• SUPPLIED MATERIAL

Start of Block

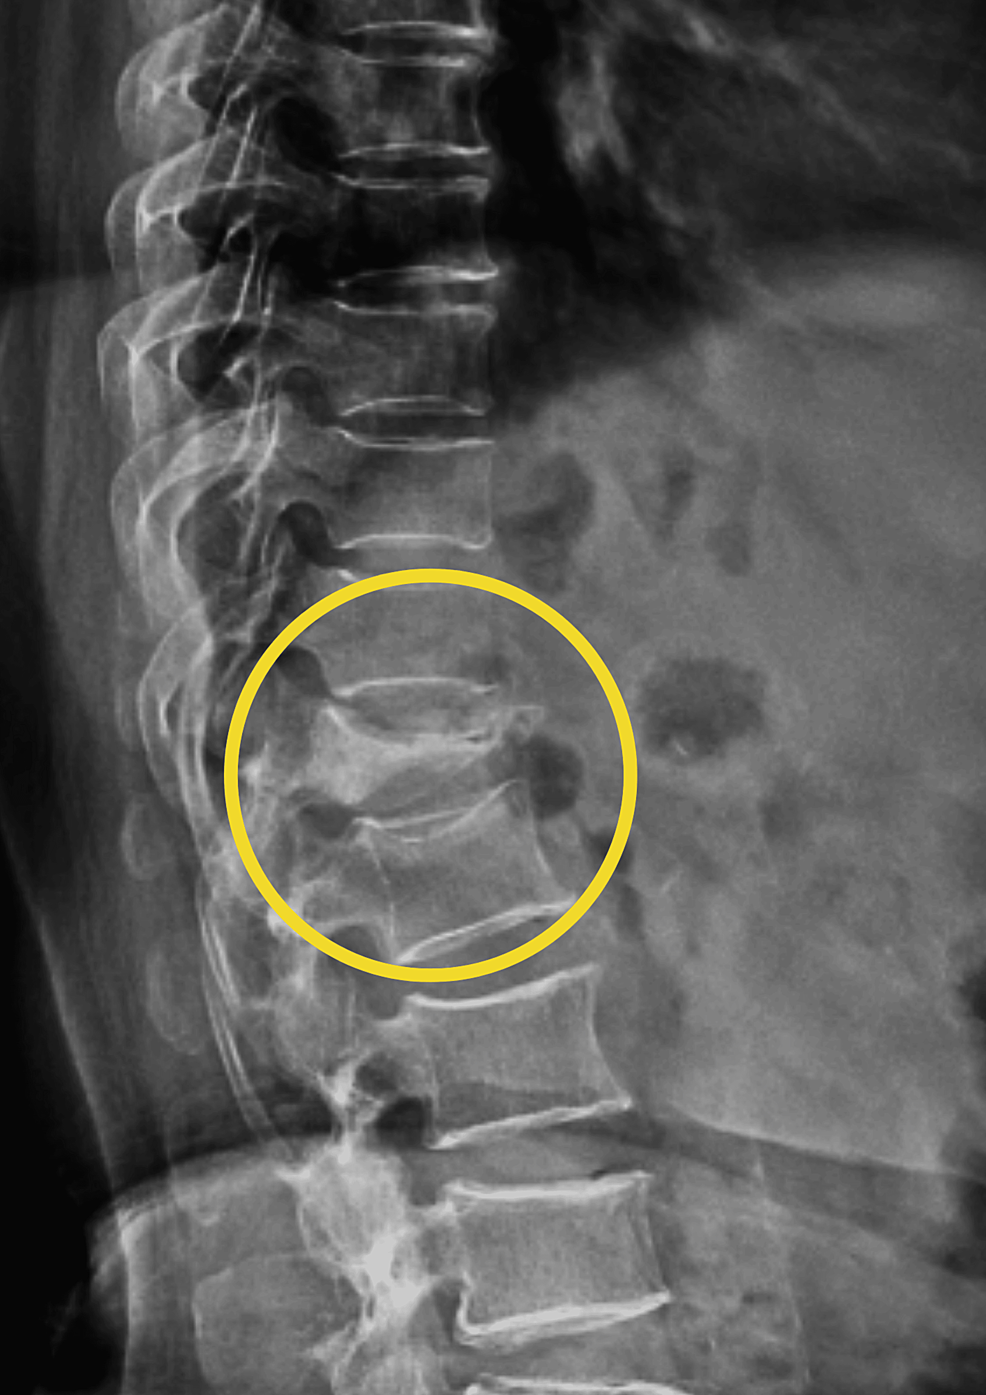 A lumbar compression fracture at L4 treated with a vertebral body
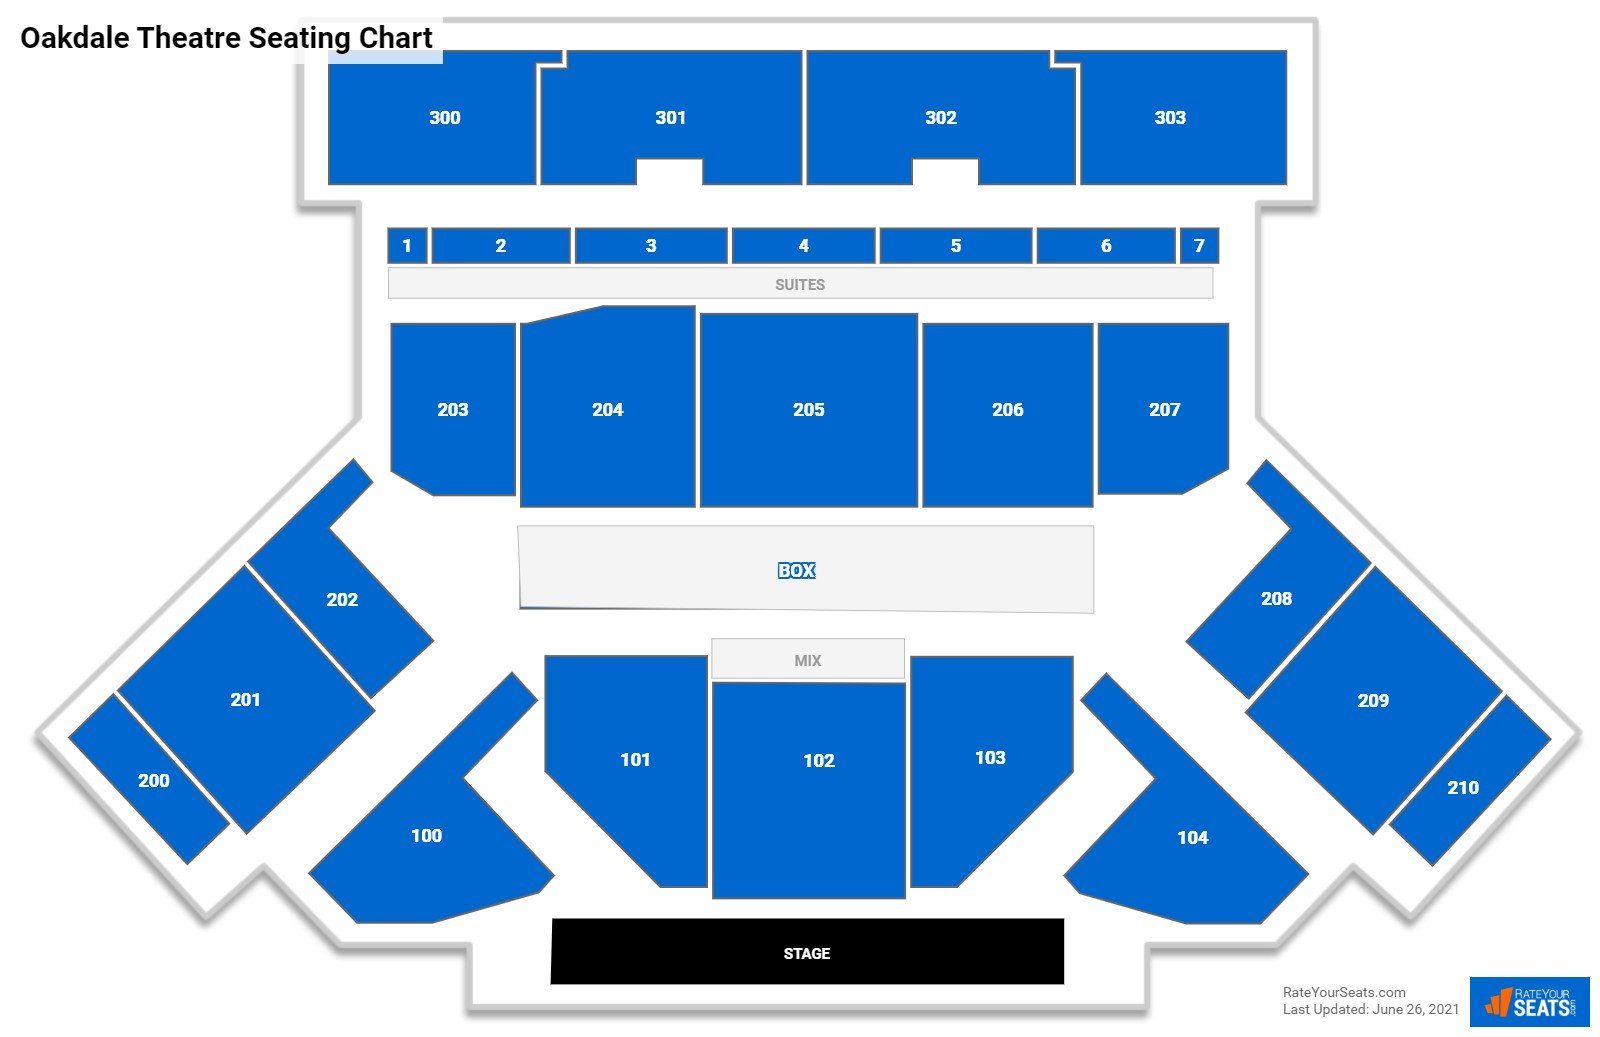 Oakdale Theatre Concert Seating Chart
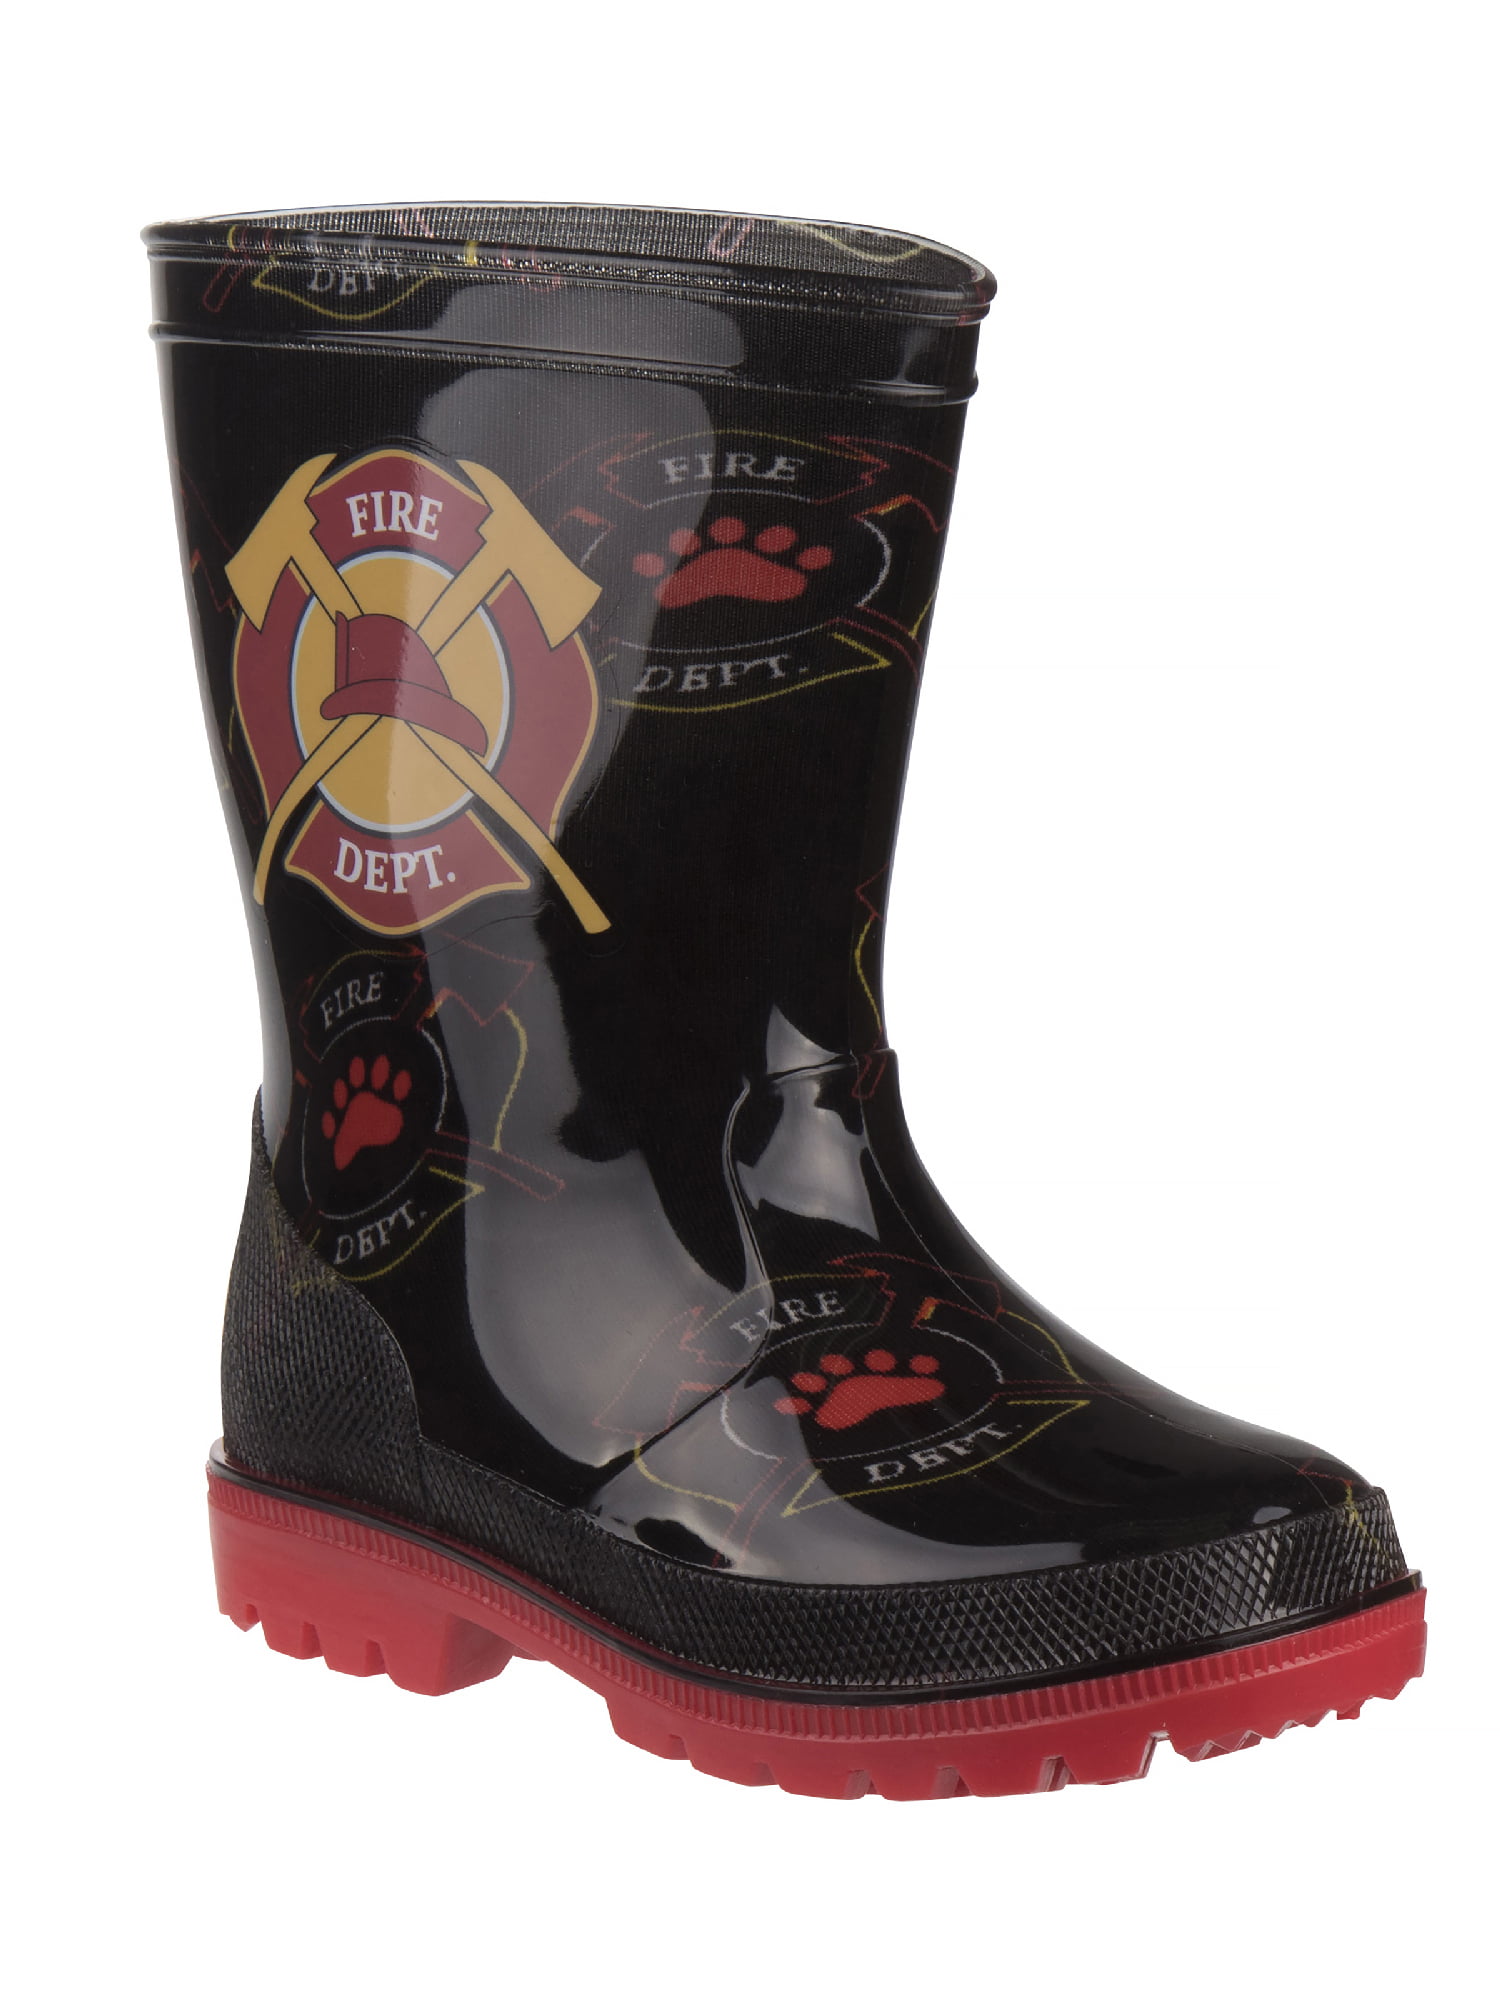 New Boys EC19 Spider Web Jelly Round Toe Pull On Rain Boot Size 5-10

End of Block

• INSTRUCTIONS FOR THE TASK
Write out the data above in full and exactly, but without the pictures.

• RESPONSE BELOW
 A lumbar compression fracture at L4 treated with a vertebral body
 Oakdale Theatre Concert Seating Chart
 New Boys EC19 Spider Web Jelly Round Toe Pull On Rain Boot Size 5-10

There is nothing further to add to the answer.